I have a Pearson Touche http://www.pearsoncy....html?action=97 but if I was looking for a single speed to convert to fixed these would be on the top of the list.


----------



## Coco (20 Jul 2010)

I've got this one: Ridgeback Solo.  Takes guards and a rack too.


----------



## colinr (20 Jul 2010)

> Not always the most cost effective way to get a nice bike, but its the only way you will get a bike that suits every one of your requirements and demands.


 
Unless Specialized decide to release exactly what you want in their 2011-12 range 

(except the gearing, bit spinny)


----------



## clarion (20 Jul 2010)

Coco said:


> I've got this one: Ridgeback Solo. Takes guards and a rack too.



I've got one of those too. Cost me £340. Available still for £399 from Evans.

Good bike.
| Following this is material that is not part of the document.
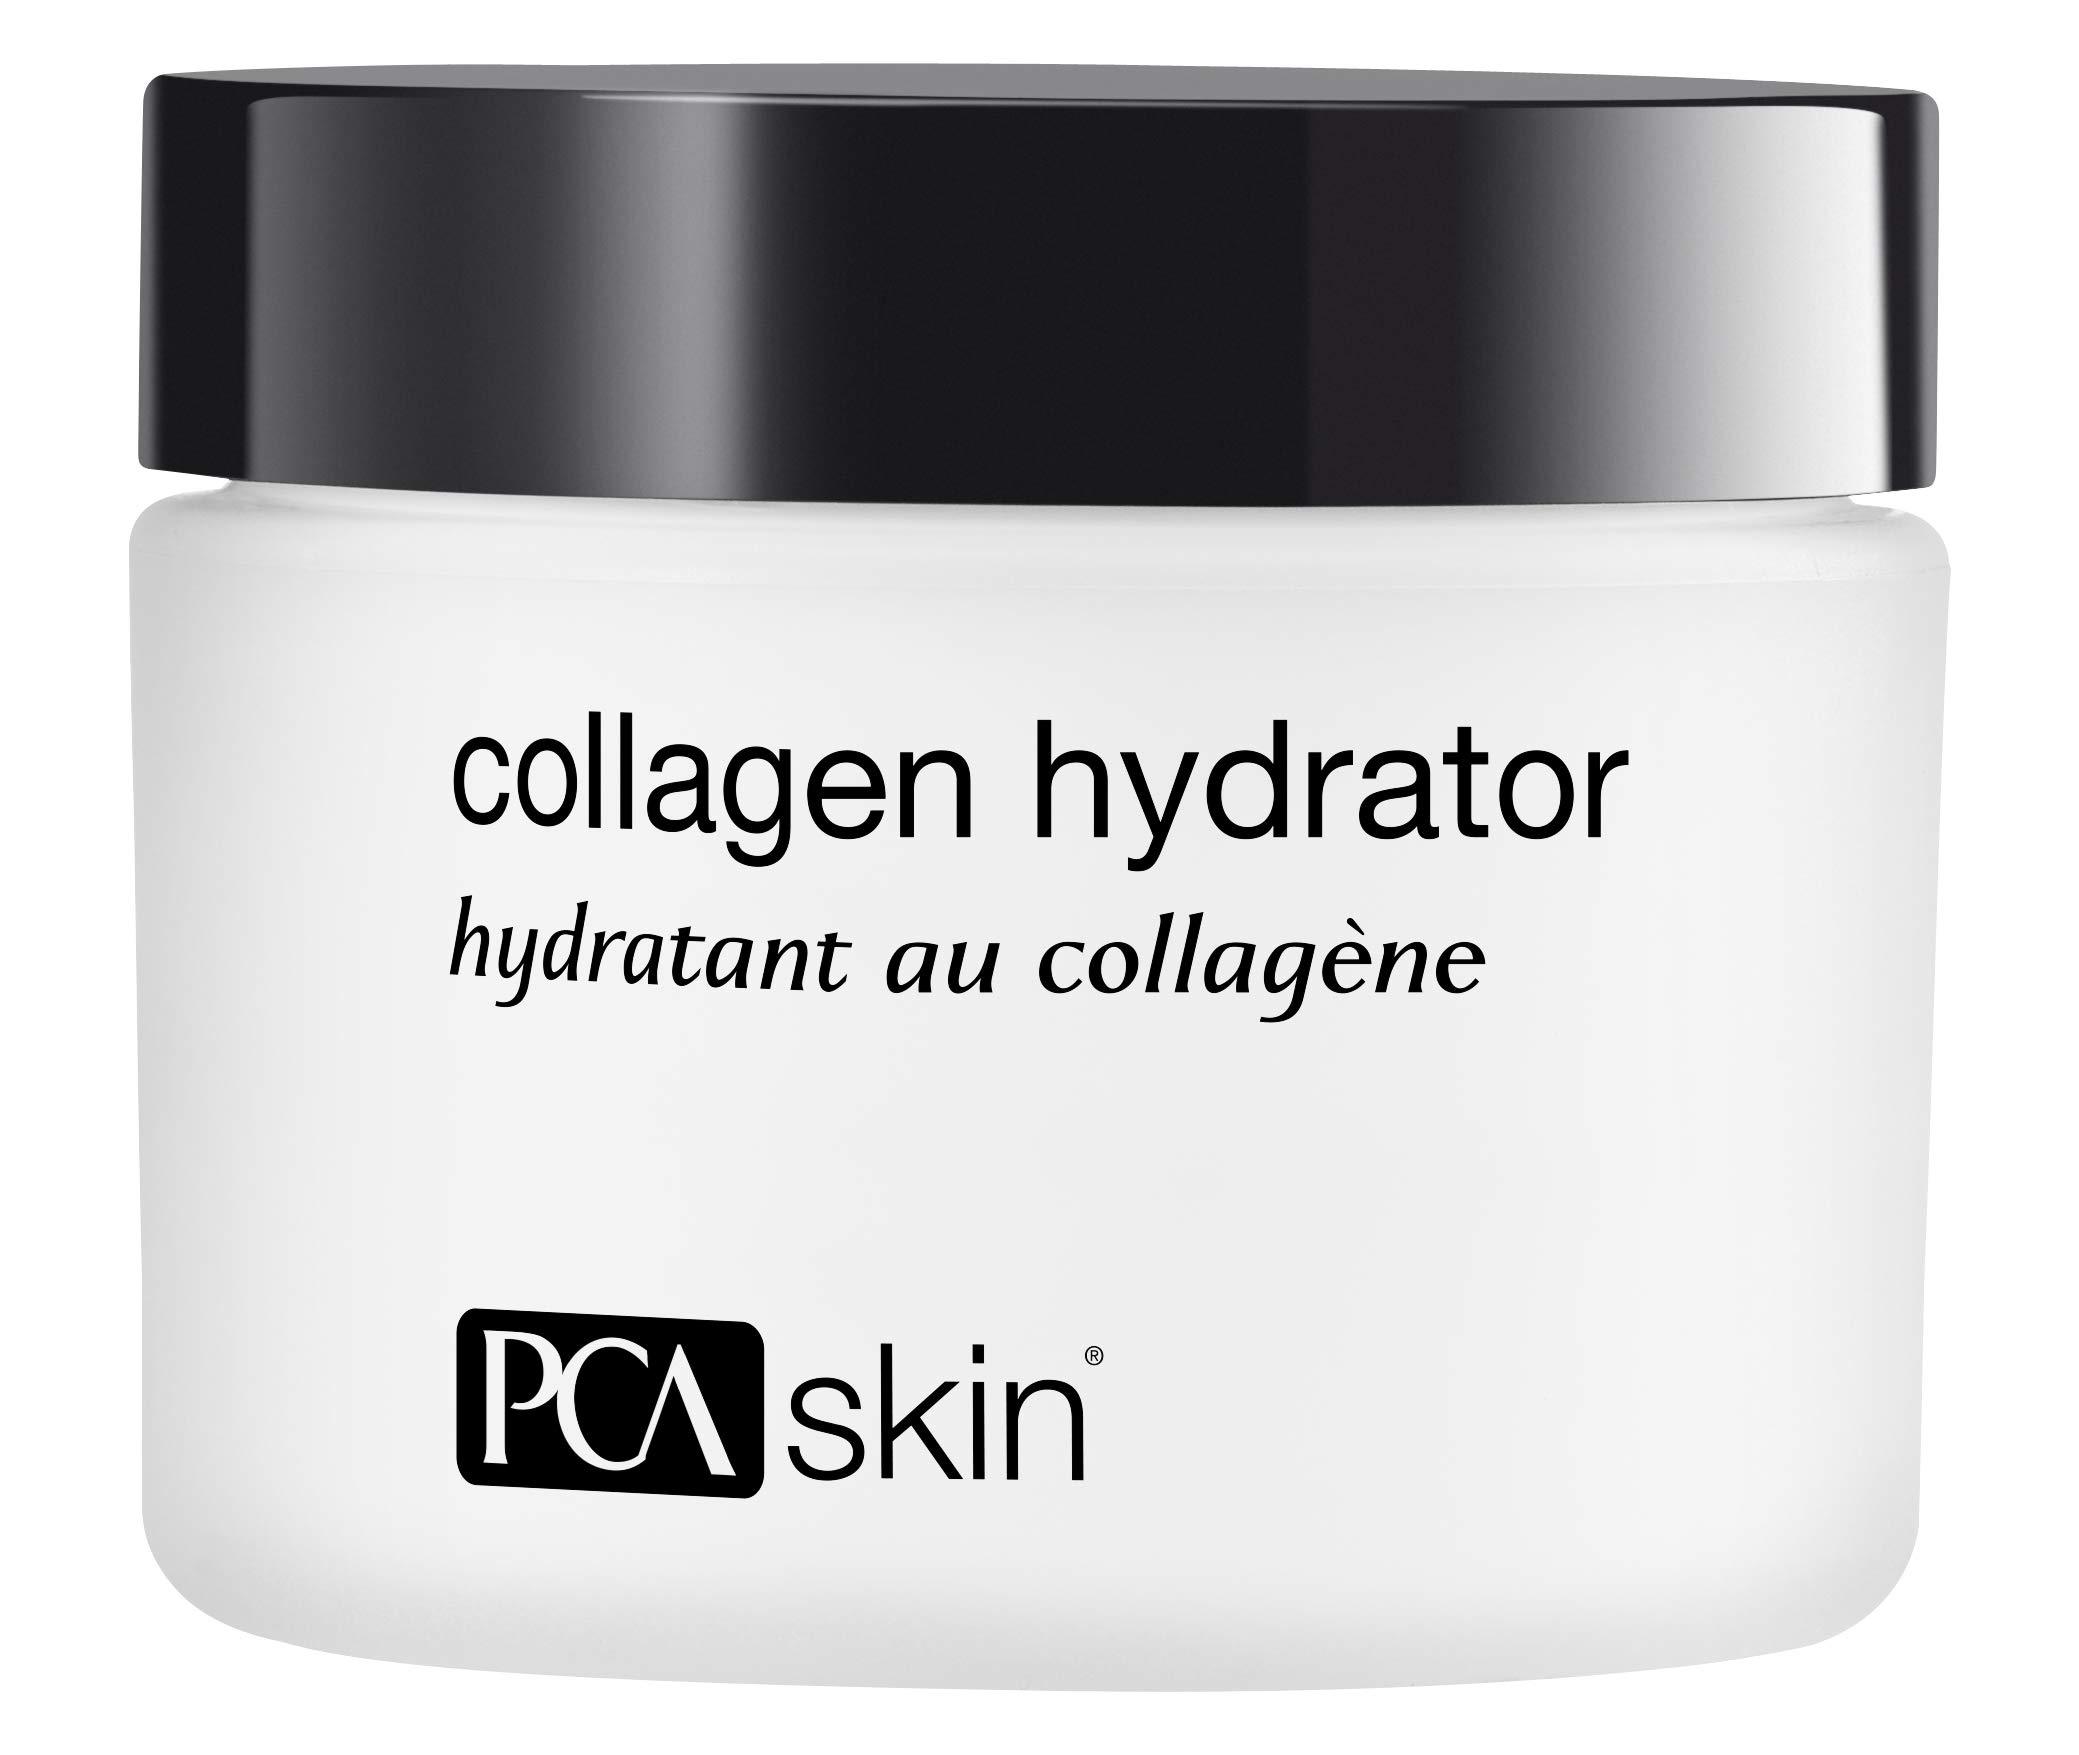 PCA SKIN Collagen Hydrator, Antioxidant Facial Cream, 1.7 ounce by PCA SKIN

Comes with guards, and, yes, takes a rack. No good if you want something flashy, but a damn good bike otherwise.


----------



## iendicott (21 Jul 2010)

Coco said:


> I've got this one: Ridgeback Solo. Takes guards and a rack too.




I Like that alot. What is the weight of the bike if you don't mind me asking ?

Thanks Ivan


----------



## Coco (21 Jul 2010)

iendicott said:


> I Like that alot. What is the weight of the bike if you don't mind me asking ?
> 
> Thanks Ivan



I'm sure I've got it somewhere at home. If not I'll weigh it tomorrow (raining a lot here just now)


----------



## Coco (21 Jul 2010)

iendicott said:


> I Like that alot. What is the weight of the bike if you don't mind me asking ?
> 
> Thanks Ivan






10.1kg according to this: http://road.cc/content/review/2590-ridgeback-solo-world


----------



## frank9755 (22 Jul 2010)

Coco said:


> 10.1kg according to this: http://road.cc/conte...back-solo-world



Very tempted. 
I think I might nip into Evans and get one...

I do *need* a fixed bike.

Yes


----------



## iendicott (22 Jul 2010)

That's a very ice bike indeed. Mmmmmm SIngle Speed.


----------



## Coco (22 Jul 2010)

frank9755 said:


> Very tempted.
> I think I might nip into Evans and get one...
> 
> I do *need* a fixed bike.
> ...



What haven't you got one already? Wierdo.


----------



## Rob3rt (23 Jul 2010)

colinr said:


> Unless Specialized decide to release exactly what you want in their 2011-12 range
> 
> (except the gearing, bit spinny)



hah, your buying one of the new langsters when they come out then? Have to admit they do look really nice. Wonder how much they hike the price vs last years model!


----------



## colinr (23 Jul 2010)

Initial prices have appeared at £550 but don't know if that's accurate (seems about right though). It's currently wait for that, or admit I'm a roadie at heart and get a Boardman. But that would mean Halfords and I'm yet to have a good experience in either of the Norwich stores.


----------